• _Directions for this task_:
The result should be the listing below restated word for word, with images left out.

• _Data_:
Start of Block

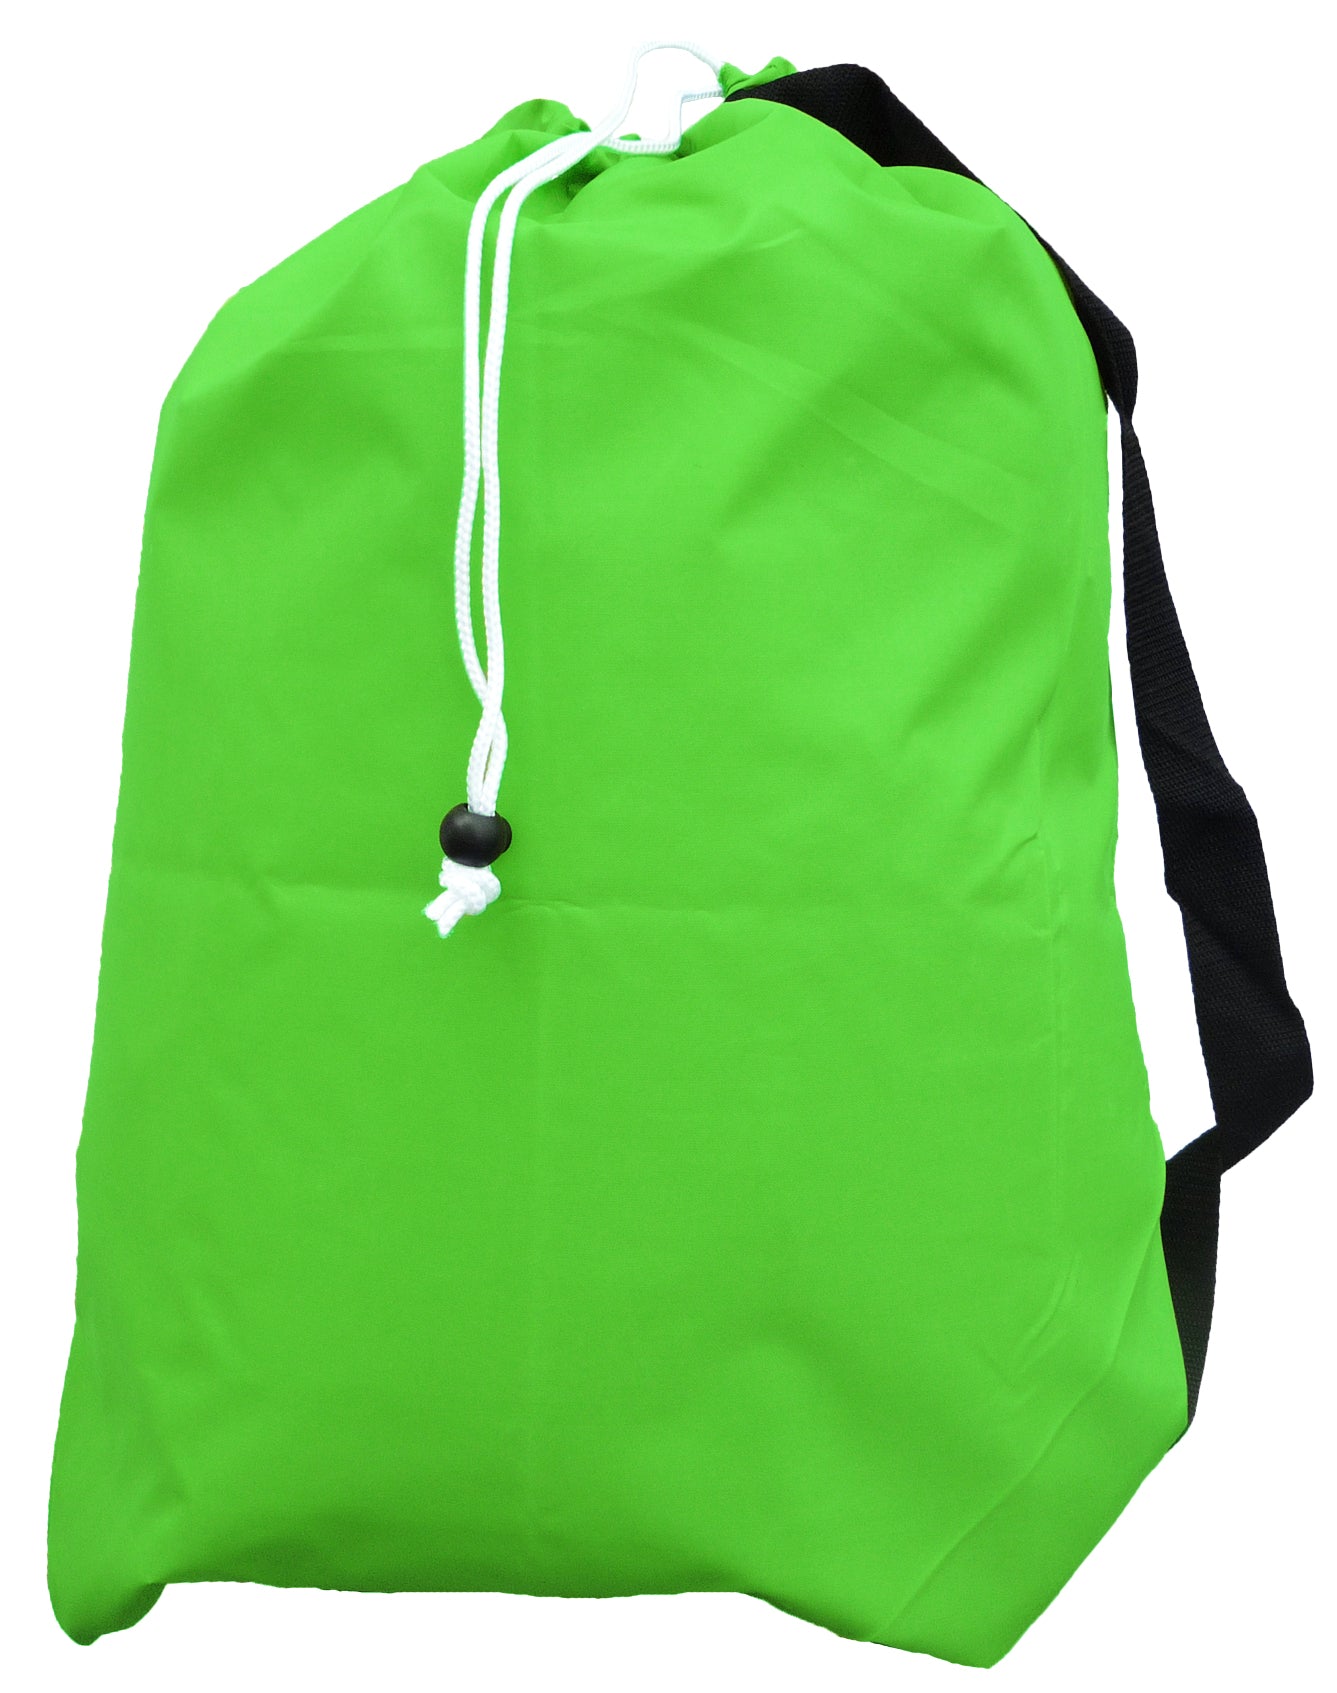 Large Laundry Bag with Strap, Fluorescent Lime Green
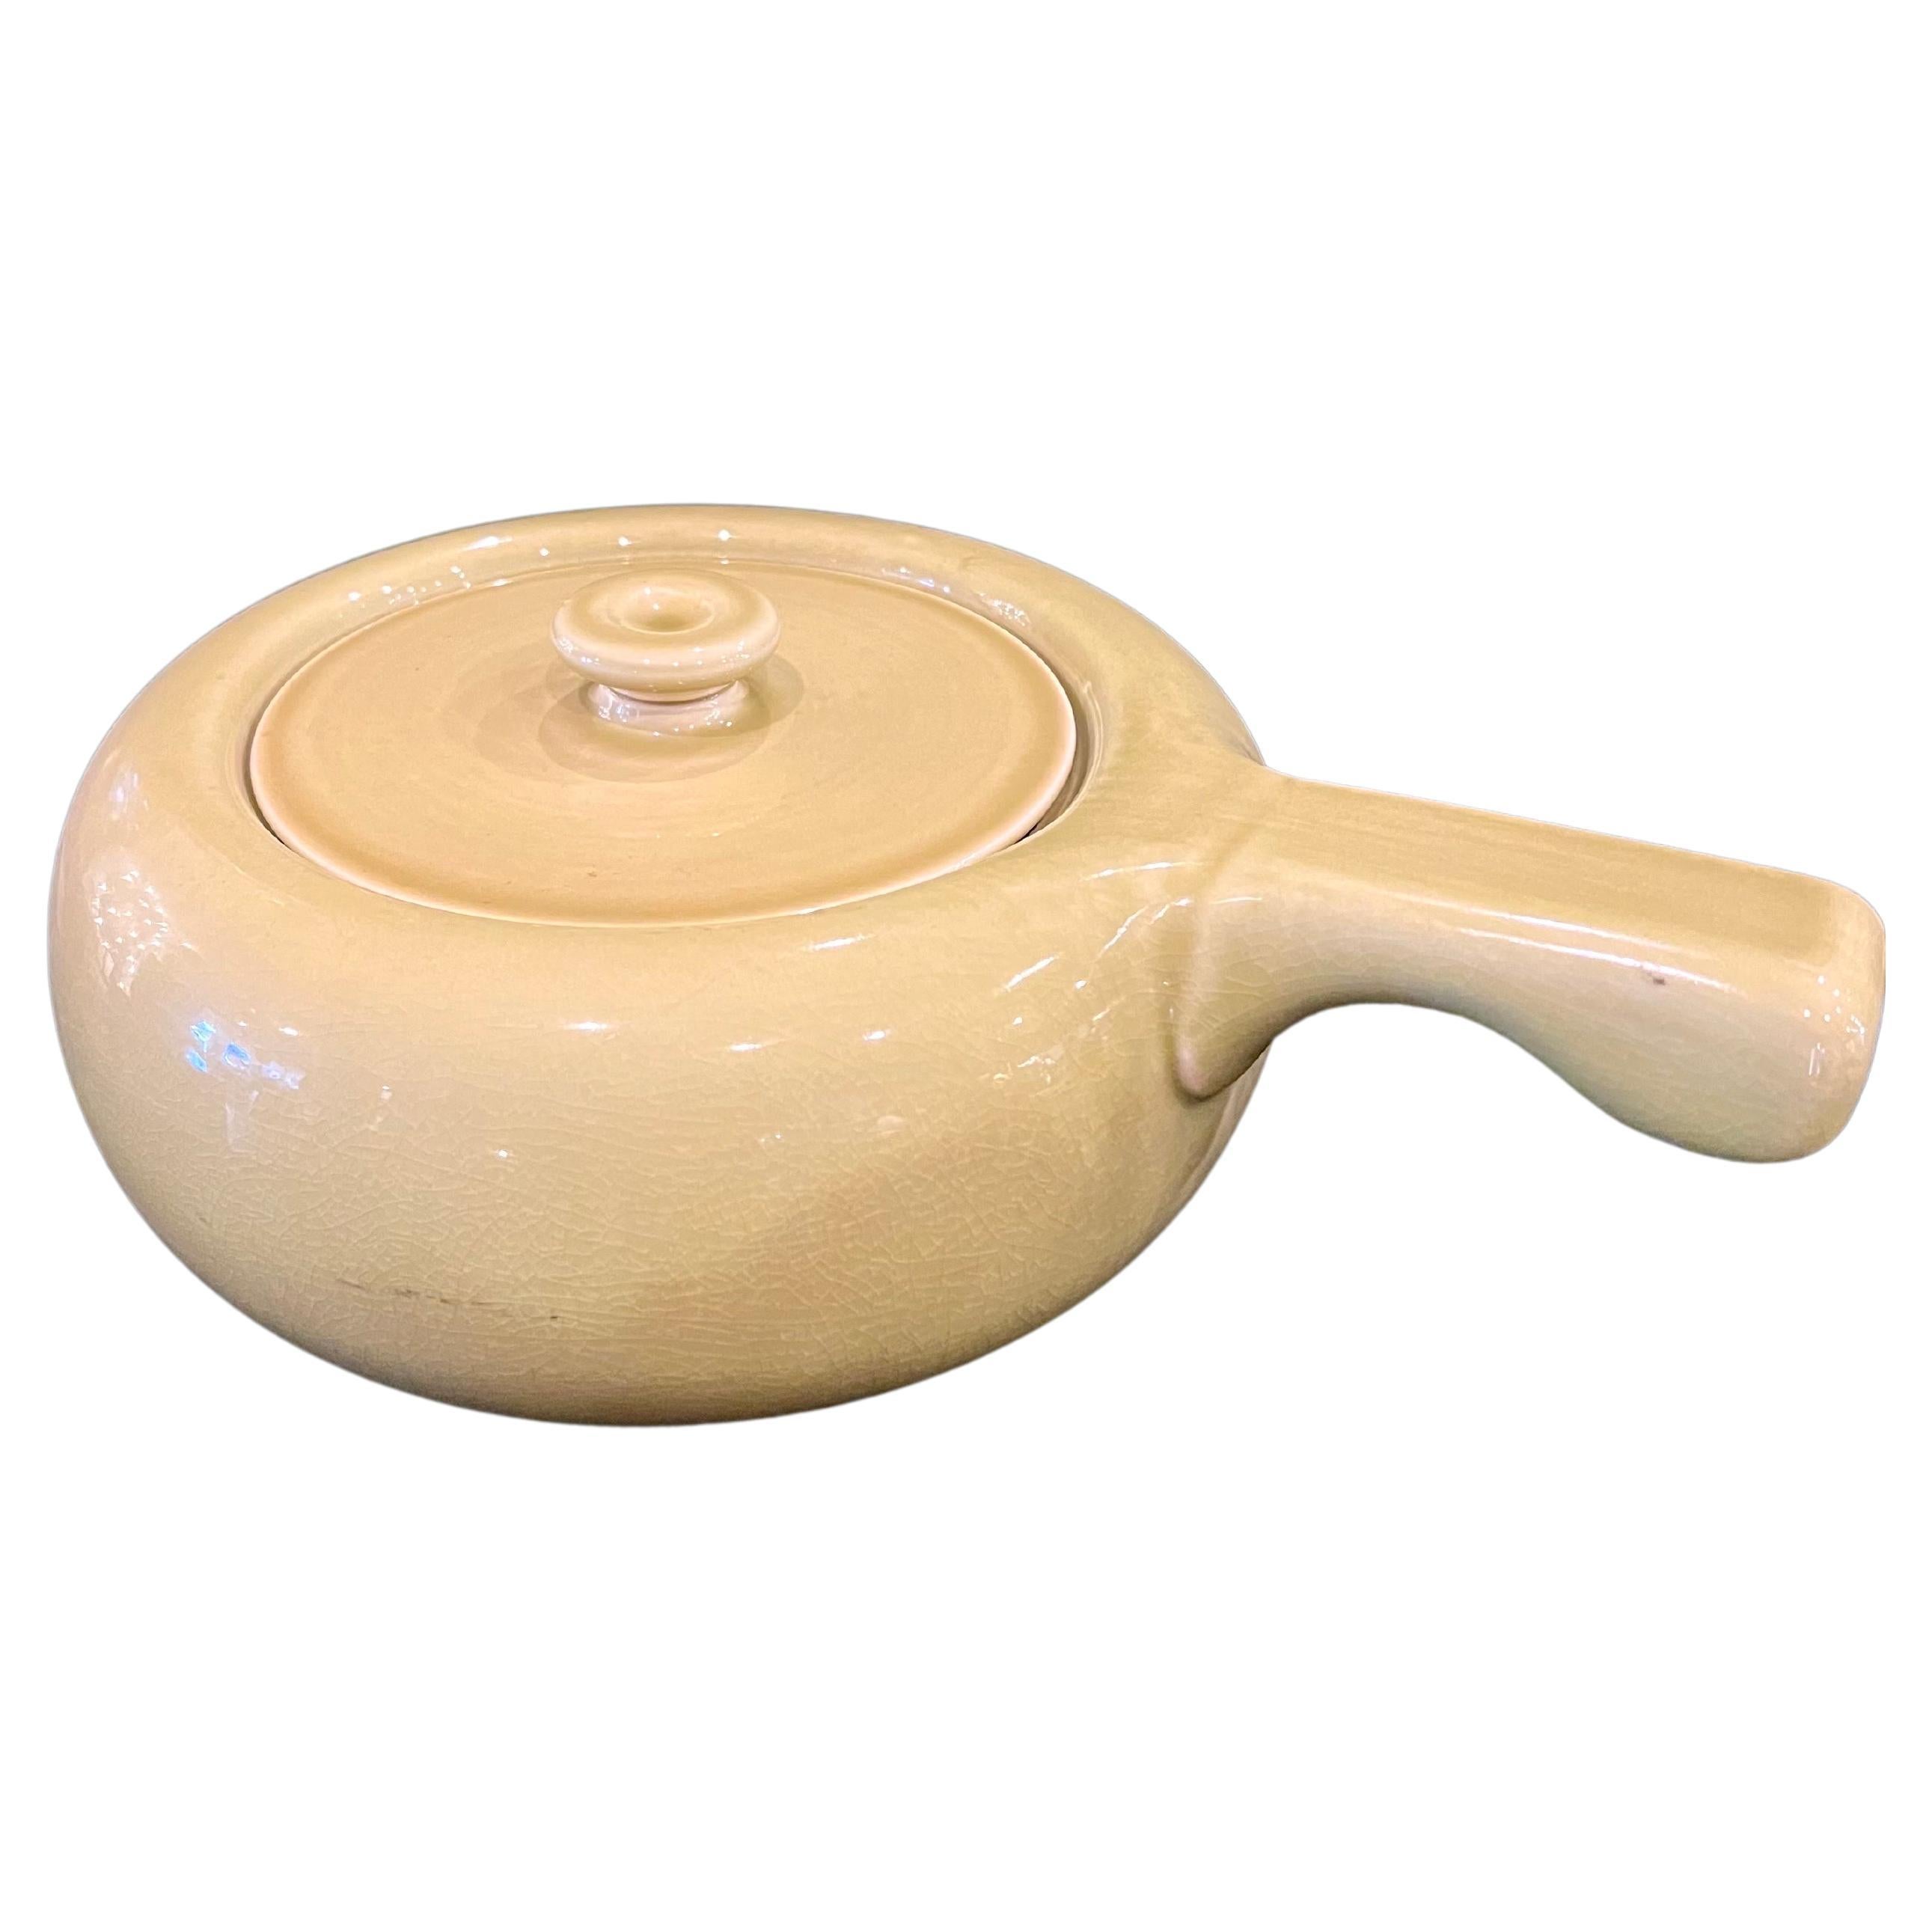 Stylish and functional American modern in chartreuse color handled casserole by Russel Wright for Steubenville pottery of Ohio, circa the 1940s. The ultramodern design emphasizes soft cures and simple glazing. The piece is in excellent vintage
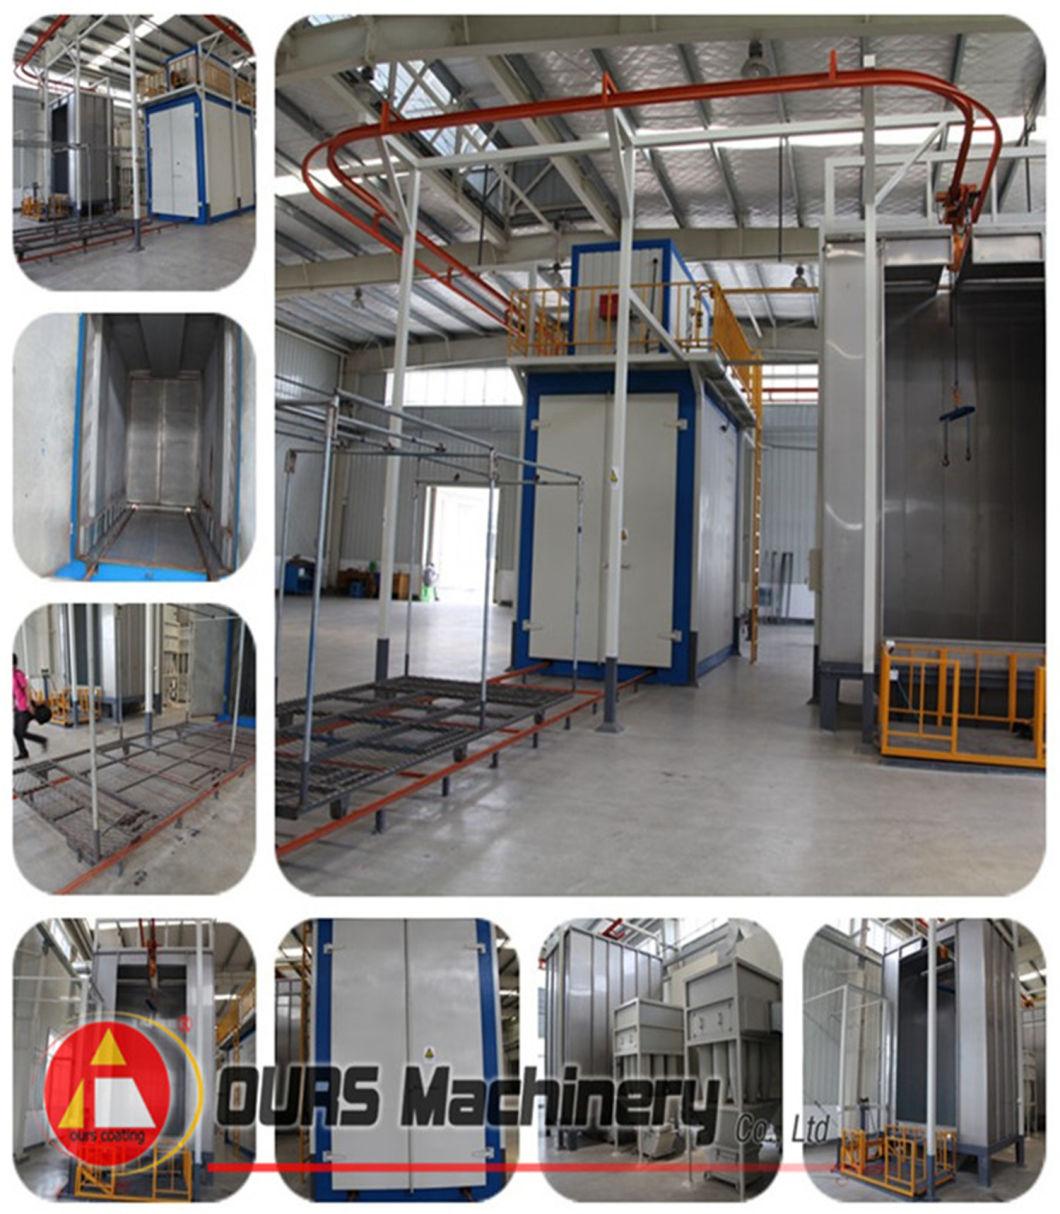 Turn-Key Powder Spraying Line with Imported Parts

End of Block

• _Task output_:
 Large Laundry Bag with Strap, Fluorescent Lime Green
 Stylish and functional American modern in chartreuse color handled casserole by Russel Wright for Steubenville pottery of Ohio, circa the 1940s. The ultramodern design emphasizes soft cures and simple glazing. The piece is in excellent vintage
 Turn-Key Powder Spraying Line with Imported Parts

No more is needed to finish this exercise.